[Leet Code] Maximum Nesting Depth of the Parentheses

LeetCode: https://leetcode.com/problems/maximum-nesting-depth-of-the-parentheses/

Problem:

A string is a valid parentheses string (denoted VPS) if it meets one of the following:

• It is an empty string "", or a single character not equal to "(" or ")",
• It can be written as AB (A concatenated with B), where A and B are VPS's, or
• It can be written as (A), where A is a VPS.

We can similarly define the nesting depth depth(S) of any VPS S as follows:

• depth("") = 0
• depth(C) = 0, where C is a string with a single character not equal to "(" or ")".
• depth(A + B) = max(depth(A), depth(B)), where A and B are VPS's.
• depth("(" + A + ")") = 1 + depth(A), where A is a VPS.

For example, "", "()()", and "()(()())" are VPS's (with nesting depths 0, 1, and 2), and ")(" and "(()" are not VPS's.

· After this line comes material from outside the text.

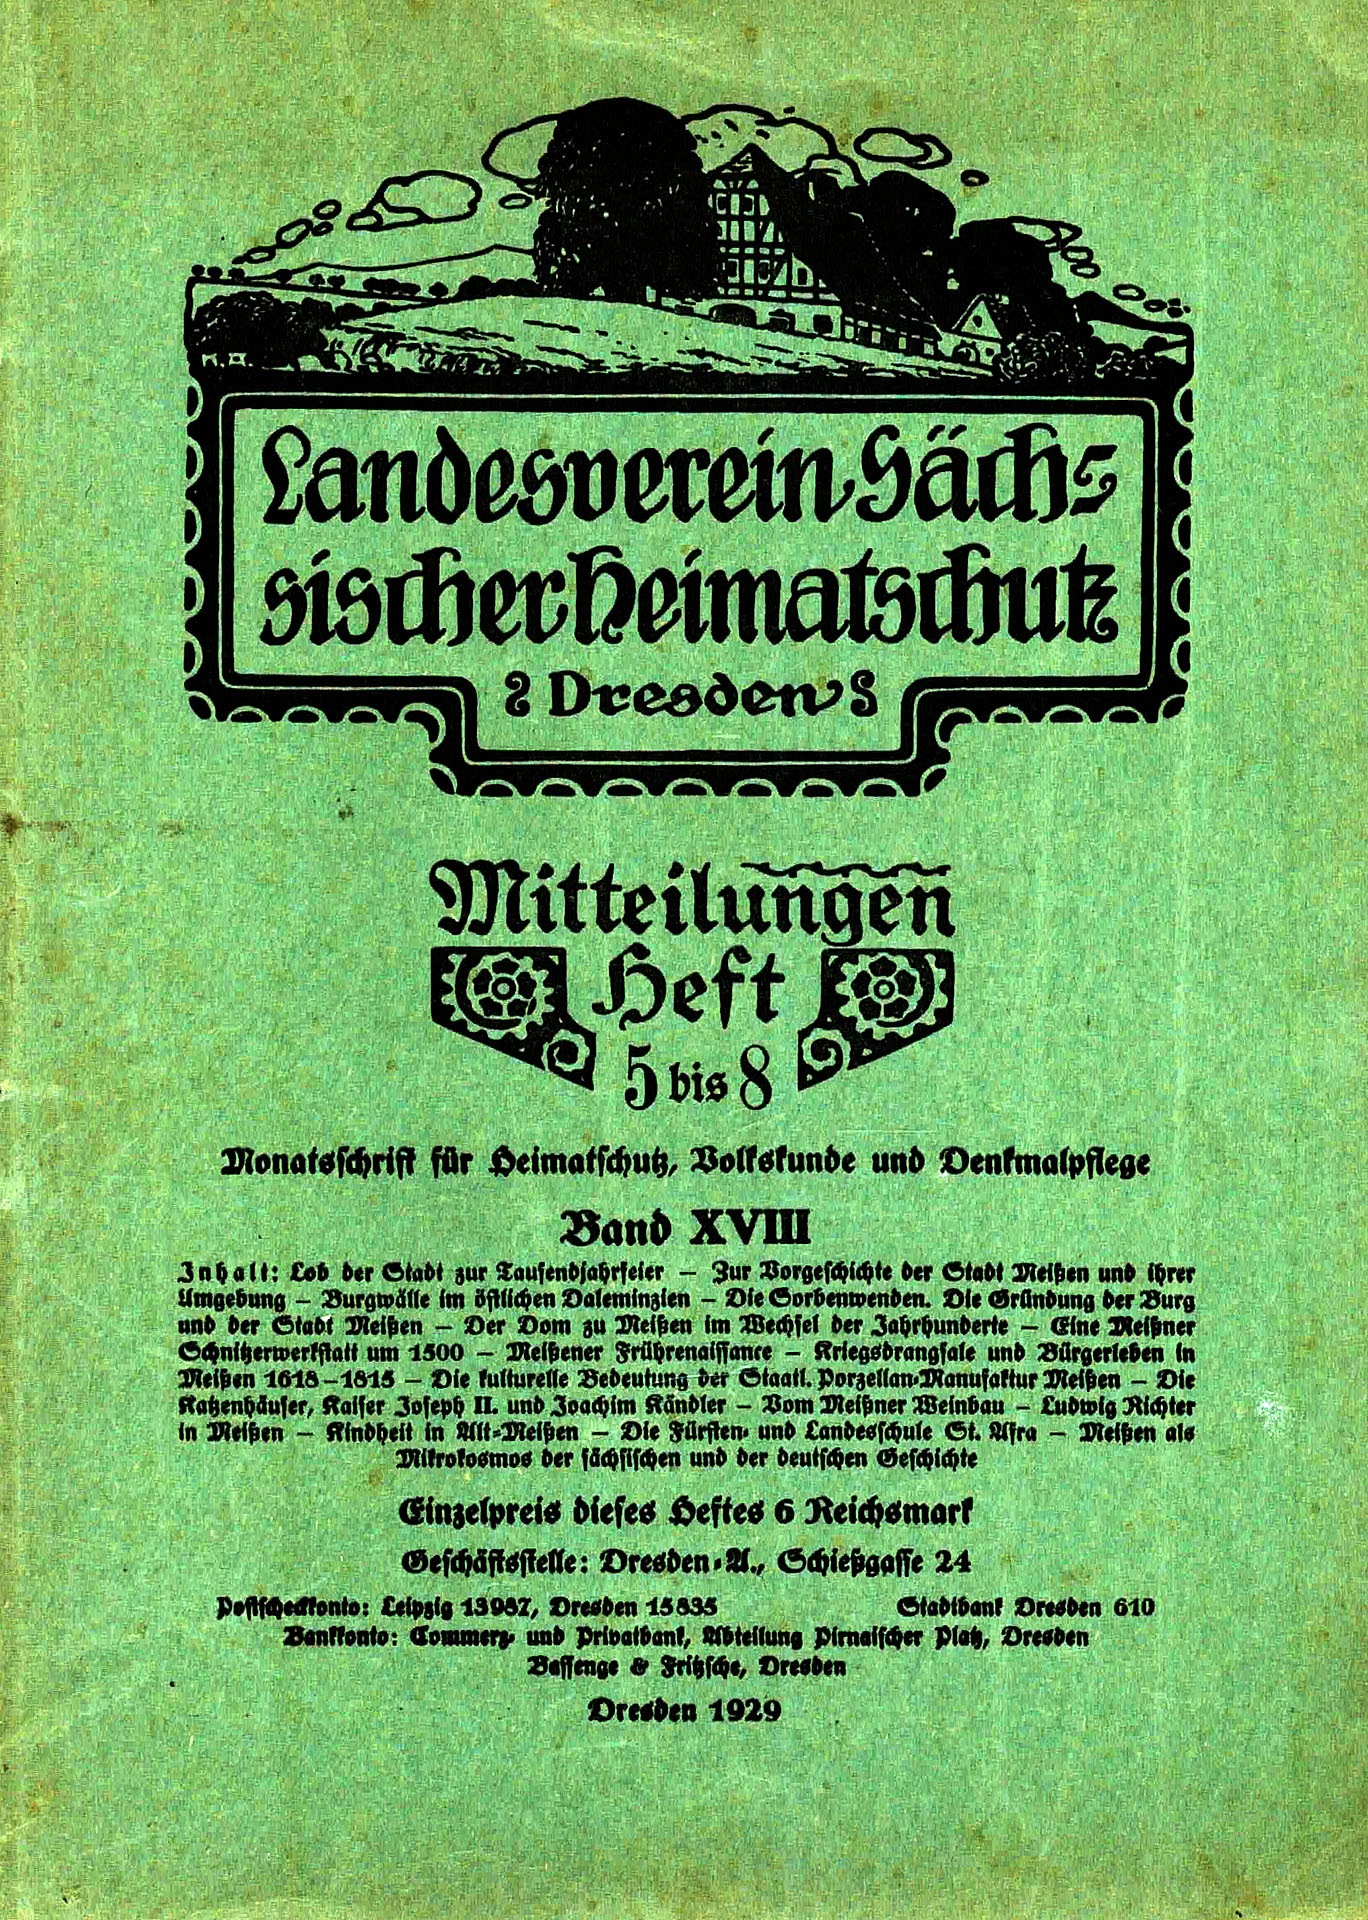 Landesverein Sächsischer Heimatschutz, Mitteilungen Heft 5 bis 8 - Landesverein Sächsischer Heimatschutz, Dresden

Given a VPS represented as string s, return the nesting depth of s.

Example 1:

Input: s = "(1+(2*3)+((8)/4))+1"
Output: 3
Explanation: Digit 8 is inside of 3 nested parentheses in the string.

Example 2:

Input: s = "(1)+((2))+(((3)))"
Output: 3

Example 3:

Input: s = "1+(2*3)/(2-1)"
Output: 1

Example 4:

Input: s = "1"
Output: 0

Solution:

class Solution(object):
    def maxDepth(self, s):
        """
        :type s: str
        :rtype: int
        """
        stack = []
        max_val = 0
        for i in s:
            if i == "(":
                stack.append(i)
            if i == ")":
                stack.pop()
            length = len(stack)
            if length > max_val:
                max_val = length
        return max_val

Explanation:

For this problem, we want to create a stack that will hold the amount of "(" we have in our string. If we encounter a "(" we will append it to the stack, otherwise, we will pop it. This will mean that outermost parenthesis will persist if we have something like "(a(b) + cd(e)) the (b) will be removed but it will also increase our stack length, and therefore add to our max val!